Emotionally unpacking this experience is something I really didn't want to have to do. It's something that I still don't really want to do. I want to bundle it all up in a bag and forget about it. I want to leave it on the bedroom floor, like I left my suitcase, and just pile other stuff on top of it. I want to forget what is in the bag and maybe even pretend it didn't happen - because there is just too much to unpack and it is too intertwined with the much more crushing loss of Maxie. If he hadn't died, I really don't think this experience would have happened at all. And packing up baby stuff - looking for places to put it all - and wondering, with a heavy heart, whether it will ever be used, is all too familiar. Much different - but still familiar.
When I got home, several people offered to put me in touch with their friends who could talk to me about their failed adoption experiences. A few people told me that they knew it was "like a death" - words that stung to hear. Not bringing home this baby was not like a death. The death of a child doesn't only mean an end to the fantasies that the parents had for their child but it also (and much more horrifically) means the end of that child's life. The little girl I fell in love with in Georgia still lives - she has people who love her, an older sibling, a bunch of experiences waiting for her in the future. Do I wish she was mine? Yes! Totally. Am I completely turned upside down by having to leave her there? For sure. But, all this really is is the end of a certain dream of mine. It doesn't even compare to having to know that Max will never have dreams of his own - but I'm still sad.

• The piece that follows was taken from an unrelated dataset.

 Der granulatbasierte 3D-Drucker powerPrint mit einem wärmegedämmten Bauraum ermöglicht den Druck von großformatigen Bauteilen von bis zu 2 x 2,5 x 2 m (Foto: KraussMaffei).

I have finally unpacked the contents of that suitcase but I need to leave almost all of the emotional stuff packed up. There are so many layers of hurt and I just haven't gotten to the point yet where I can look at it at all without becoming completely unglued....and unglued was exactly how I felt on my last day there. It was awful and I am scared to let myself go there again. I've definitely learned by now that all wounds, great and small, take time to heal. I guess I will have to postpone the healing with this one (and so many others that have come over the last few years) because I am still working on trying to heal (as much as possible) the heartbreak of Max dying. I do know that leaving Georgia without that baby girl opened up the Maxie wound. When I have allowed it to surface, even momentarily, it hasn't been pretty.
I have no reason to be posting the photo below except that my grandma used to always tell us grandkids that we were her best medicine. I never really thought about the meaning. I just thought it was one of those grandmotherly things to say. But, just look at this kid! It pretty hard to stay sad with this guy around.

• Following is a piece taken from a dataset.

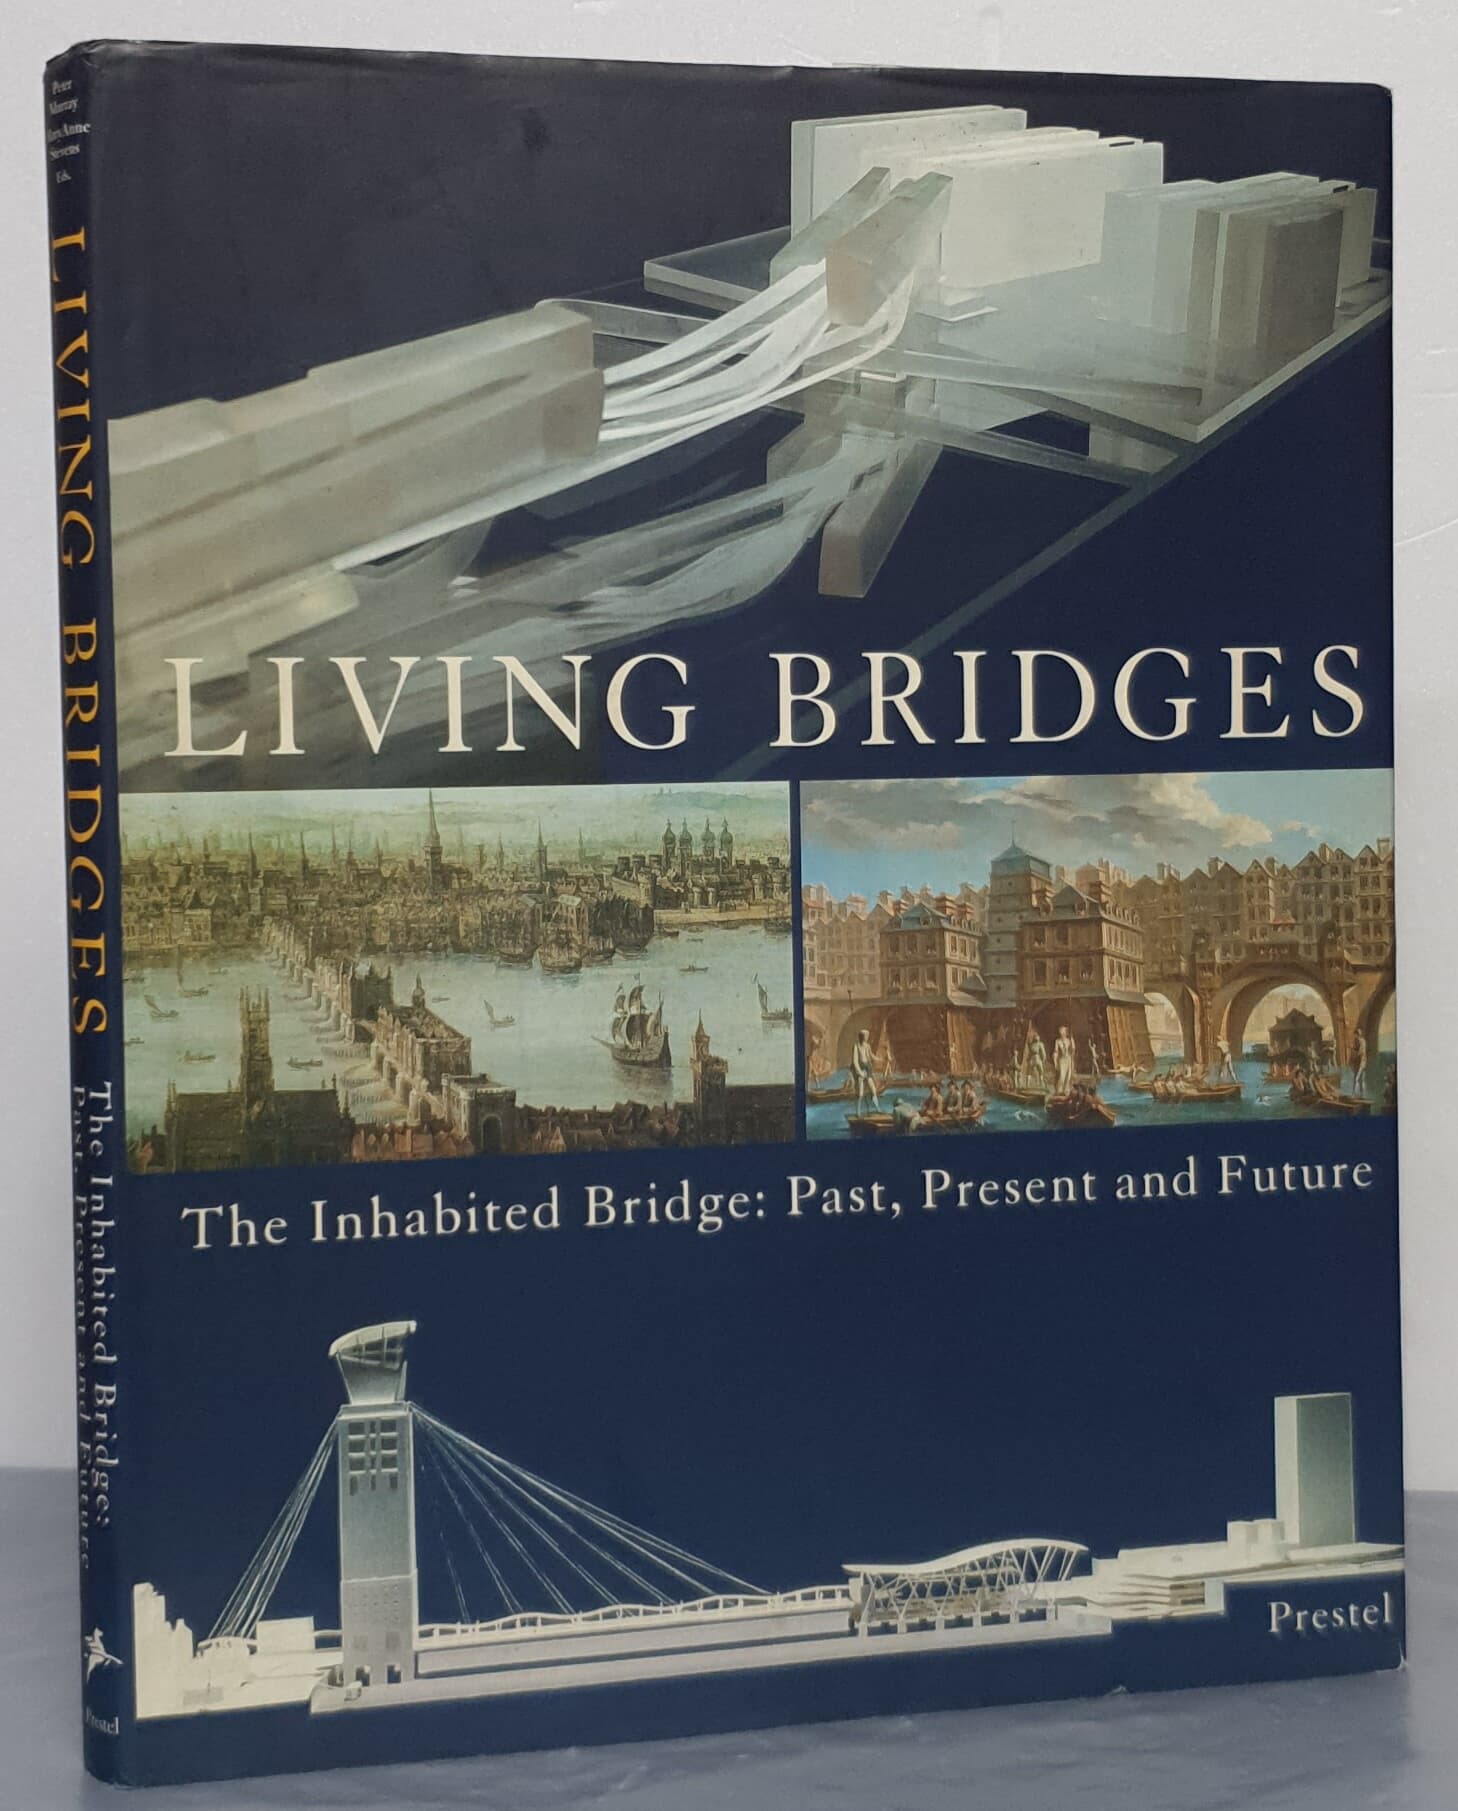 Living Bridges - The Inhabited Bridge, Past, Present and Future

Mosie - he really IS my best medicine.
Mosie - he really IS my best medicine.
3 comments
I feel you, dear Abby. And I'm with you. You can only unpack what you can tolerate. You're so strong and so pro-life. The photo of the dearest Moesie is perfect on this post - i understand your Grandma very well. Love, CS
What a sweet dose of medicine he is! Gobble him up!

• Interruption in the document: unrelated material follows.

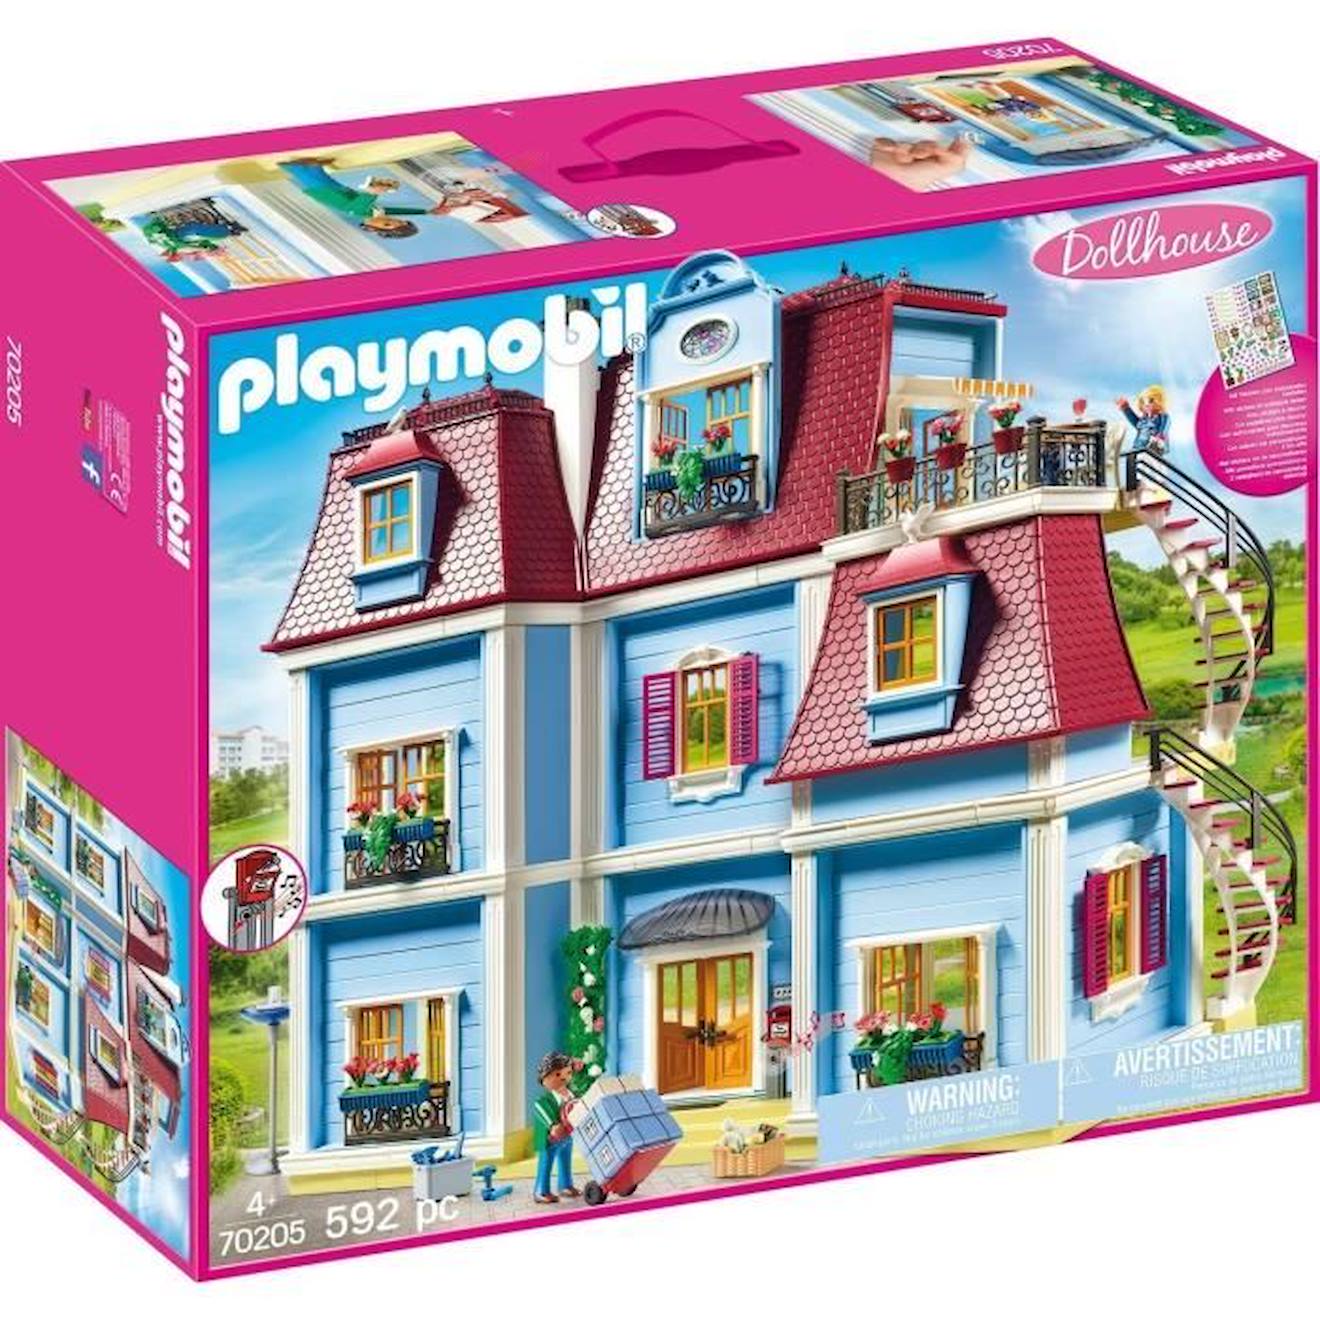 Playmobil - 70205 - Dollhouse La Maison Traditionnelle - Grande Maison Traditionnelle Rose

I think you have a good way of putting things into perspective. This may be like a death...of a DREAM...but the REALITY is, thankfully, it isn't an actual death! The two are very different. While the pain you are feeling from this loss feeds into some of the deep feeling you have because of the death of your baby, they are just not the same, and that makes complete sense. It is still so disappointing and heartbreaking, and regretful. I'm so sorry!!!